異界の秘宝 後編




「悔しい」
 ぼそり、とライドは呟いた。

 ライドとリュークはイーダゥトの街の宿に戻っていた。

ライドの前に座る美女ともいえるリュ―クは無言で頷いた。
「あの女、消滅するならおとなしく消えてくれればいいのにっ」
 あの女――消滅する瞬間、半分に割れた女神像のひとつを自らの主に送った魔族の女、戒樹。
 あの女神像は異界の秘宝のひとつで災いを呼ぶ闇の秘宝だった。そして、おそらく魔族にとっては力の源となる代物だろう。
 不意に緊張感を台無しにしてくれる底抜けに明るい声が届いた。

「おっ困りならぁ、このヘルゼーンさんにおまっかせ〜ぇ」
「…………」
「…………」

 硬直するライドとリュ―ク。
 満面の笑みを浮かべているヘルゼーンと名乗った漆黒の瞳に漆黒の髪の男。

「おやぁ、どうしたのかなあ?」
「お、前っ!?」
 椅子を引く大きな音を立ててライドは身を引いた。

 彼はライドがよく知っている男だった。
 かつて自分のお目付役だった大変風変わりな魔術師――ヘルゼーン。

「いいわあ、その反応。
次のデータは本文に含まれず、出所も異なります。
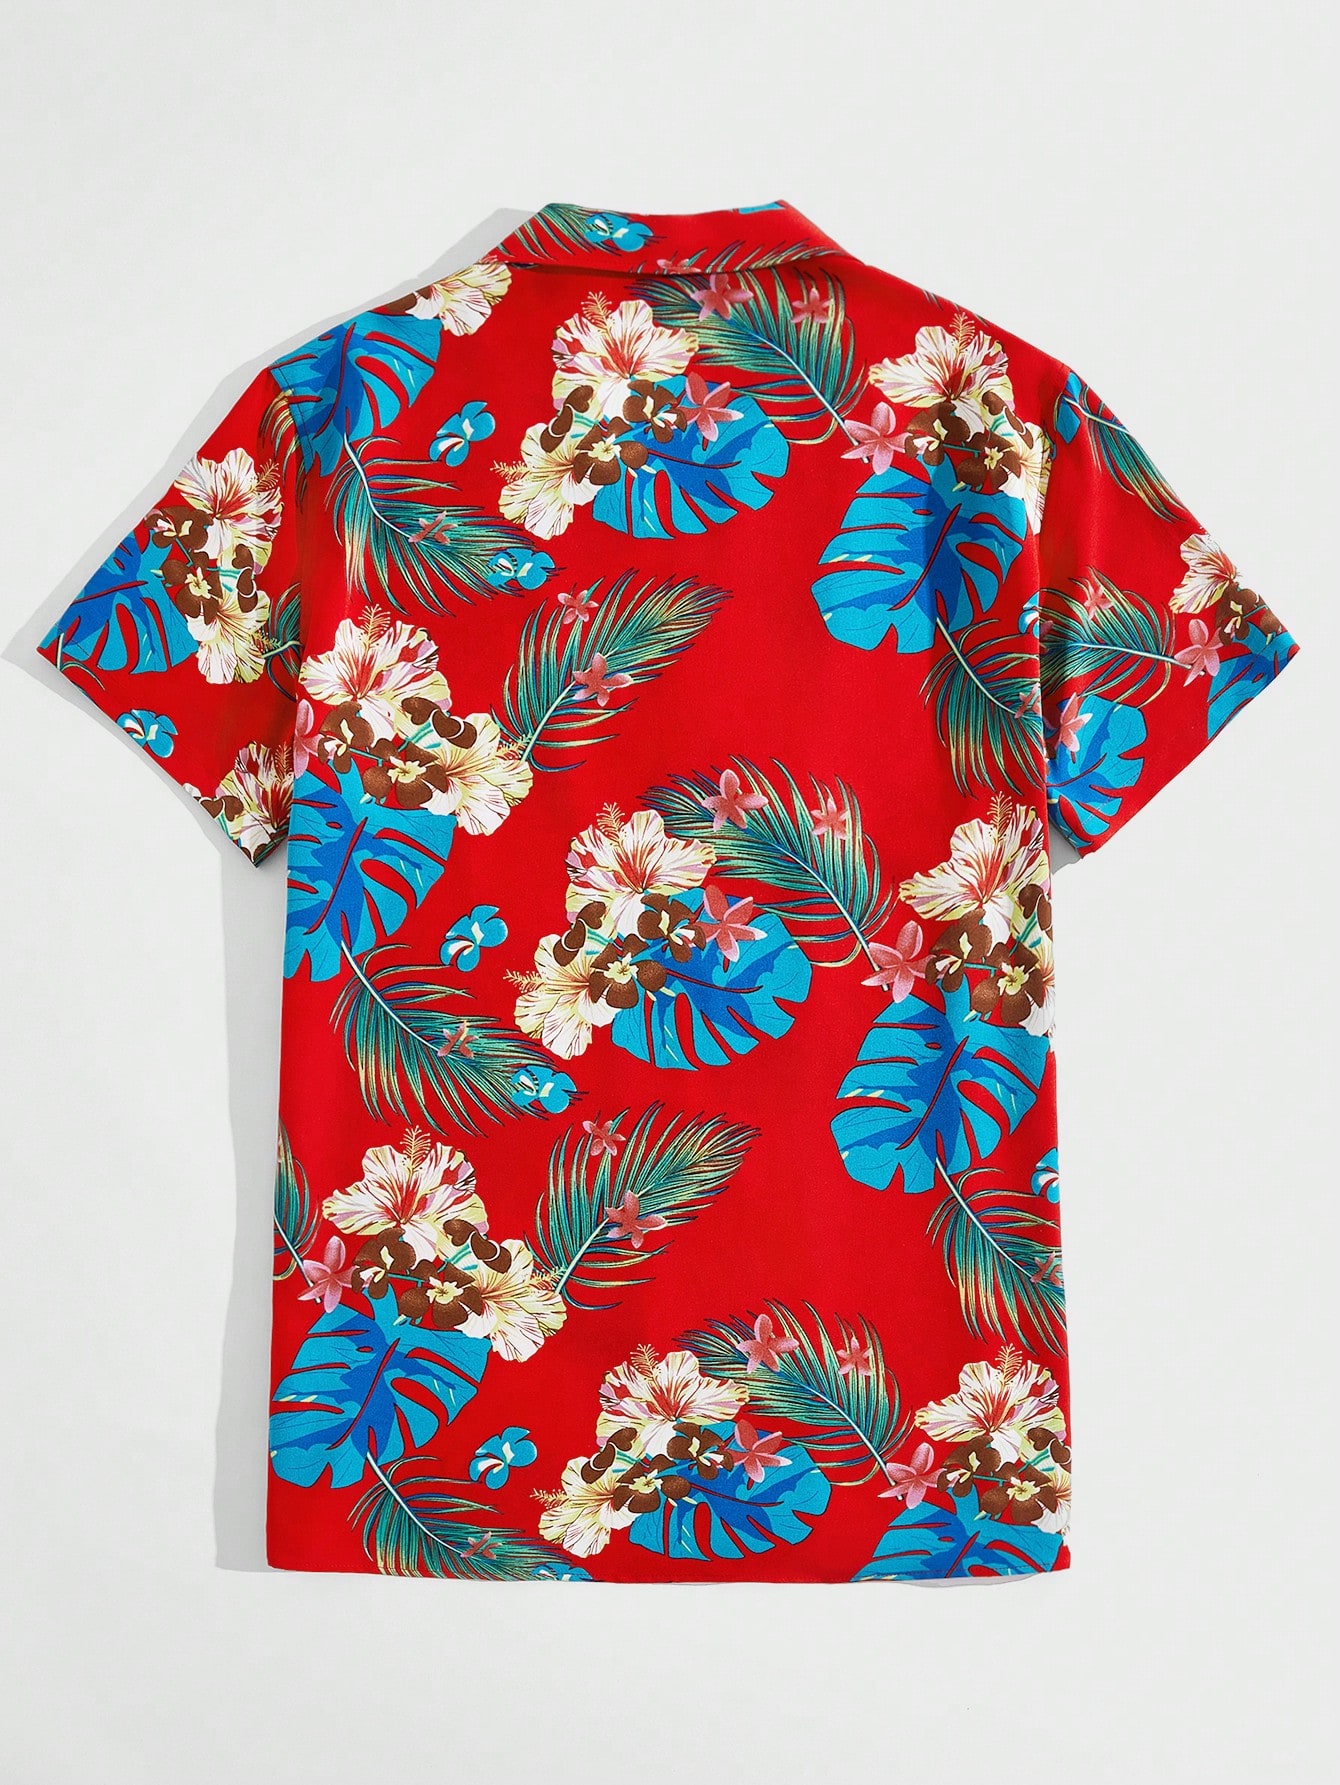 Мужская тканая рубашка с короткими рукавами и принтом тропических растений Manfinity RSRT, красный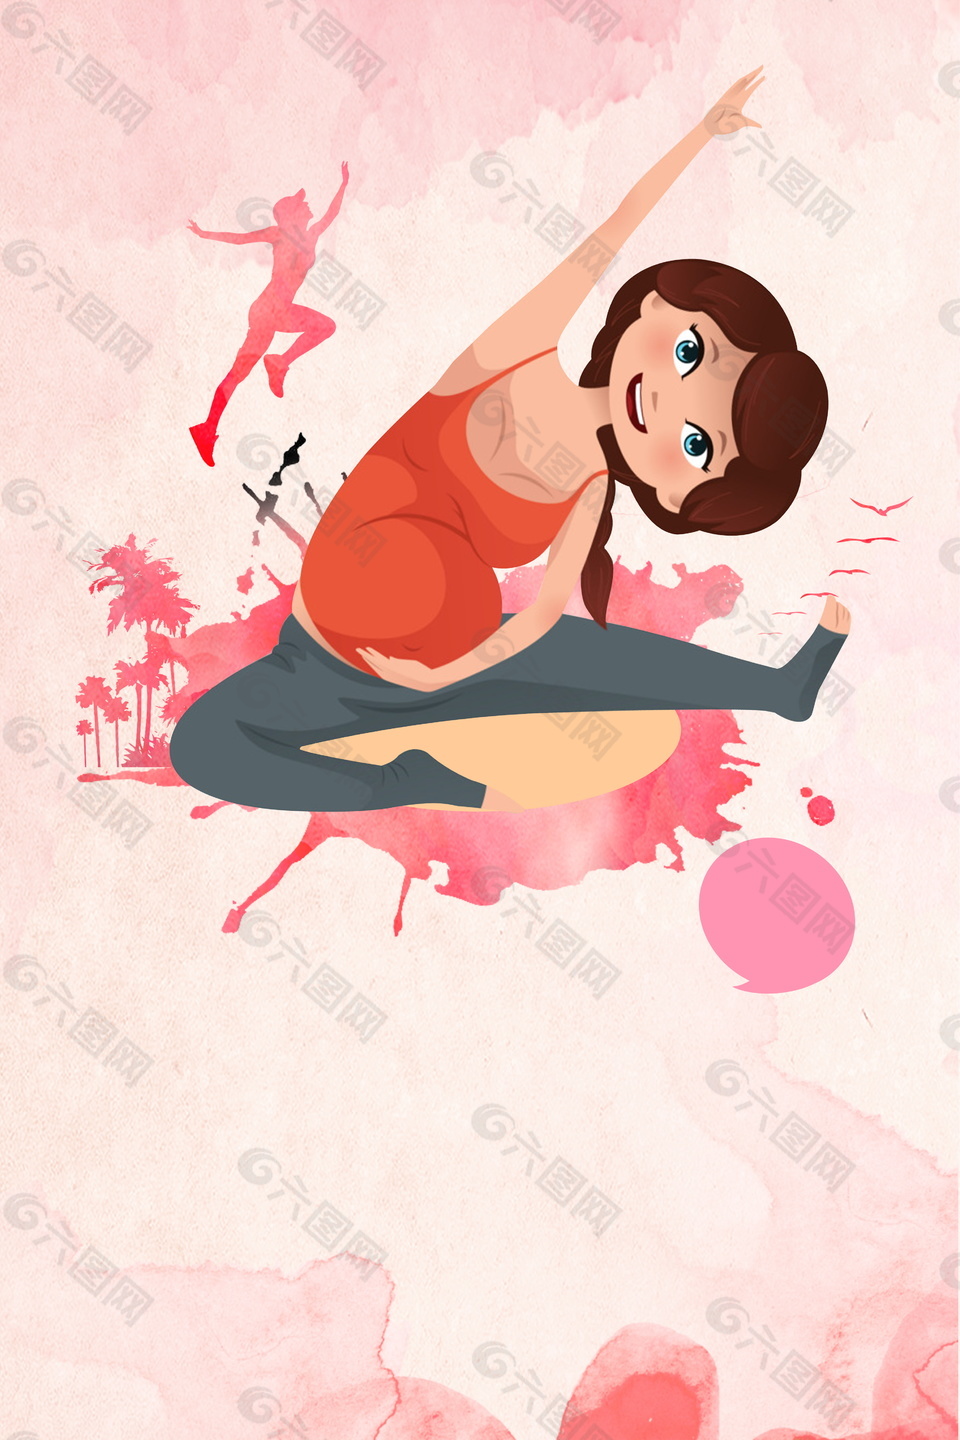 彩绘卡通孕妇瑜伽广告背景素材

新鮮で涙が出るね」
 ヘルゼーンはくうっ、と泣く振りをした。
「ライド、これは―― 」
 リュ―クの言葉にライドは勢い良くかぶりを振った。
「俺は知らない!!」
「そ、皇子サマはしらないよん? 神官クン、勘違いしないよーに」

 次の瞬間、周囲の空気は氷点下に達し、ライドとリュ―クは不穏な気を放った。

「あ、大丈夫だよ。ちゃあんと結界張ってるから、誰にも聞こえてないよぉ。ヘルゼーンさん、これでも、腕利きの魔術師だもんっ」

「そうじゃないっ!!」

 ライドとリュ―クの声が重なる。
「なんて呼び方だよっ!」
「人を妙な風に呼ぶのは止めてもらおうか」
「え〜、だって〜ぇ、アルスハル皇国第三皇子、ライド殿下にぃ、ラザル大神殿第一級神官、リュ―ク神官でしょうぉ? 『皇子サマ』と『神官クン』で合ってるよ?」
 丁寧に説明され、当人たちは怒りに震える。
「……行こう、リュ―ク」
「ああ」
 二人はこれ以上、関わっていられるか、と立ち去ろうとした。しかし、二人は結局その場に止まることになる――ヘルゼーンの次の言葉によって。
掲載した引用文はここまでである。